======== Data extract

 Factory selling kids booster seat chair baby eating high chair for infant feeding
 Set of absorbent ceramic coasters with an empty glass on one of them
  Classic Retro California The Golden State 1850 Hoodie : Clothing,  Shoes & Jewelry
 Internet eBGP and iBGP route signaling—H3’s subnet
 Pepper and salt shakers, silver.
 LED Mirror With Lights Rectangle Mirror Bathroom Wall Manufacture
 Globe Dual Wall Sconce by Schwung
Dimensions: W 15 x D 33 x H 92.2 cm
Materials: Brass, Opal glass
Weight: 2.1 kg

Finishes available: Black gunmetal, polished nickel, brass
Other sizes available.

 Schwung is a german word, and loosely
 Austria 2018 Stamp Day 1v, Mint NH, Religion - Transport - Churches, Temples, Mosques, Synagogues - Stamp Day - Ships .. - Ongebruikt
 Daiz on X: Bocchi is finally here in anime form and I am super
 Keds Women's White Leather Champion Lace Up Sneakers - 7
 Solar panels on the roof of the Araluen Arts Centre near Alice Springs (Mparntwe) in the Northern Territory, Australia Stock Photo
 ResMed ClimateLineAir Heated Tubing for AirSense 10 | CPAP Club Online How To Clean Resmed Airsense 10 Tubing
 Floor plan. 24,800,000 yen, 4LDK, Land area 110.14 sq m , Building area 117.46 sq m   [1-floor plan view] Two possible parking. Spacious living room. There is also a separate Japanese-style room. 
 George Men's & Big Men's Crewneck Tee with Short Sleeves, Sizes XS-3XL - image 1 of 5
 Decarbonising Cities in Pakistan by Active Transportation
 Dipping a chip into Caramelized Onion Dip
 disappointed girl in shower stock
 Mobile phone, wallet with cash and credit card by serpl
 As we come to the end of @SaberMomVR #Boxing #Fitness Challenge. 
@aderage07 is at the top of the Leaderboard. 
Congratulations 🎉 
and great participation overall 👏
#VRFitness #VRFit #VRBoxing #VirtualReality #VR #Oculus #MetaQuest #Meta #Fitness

================

Work to be completed:
In the lines above, locate the string "Schwung". Copy every line where it occurs.

Solution to this problem:
 Globe Dual Wall Sconce by Schwung
 Schwung is a german word, and loosely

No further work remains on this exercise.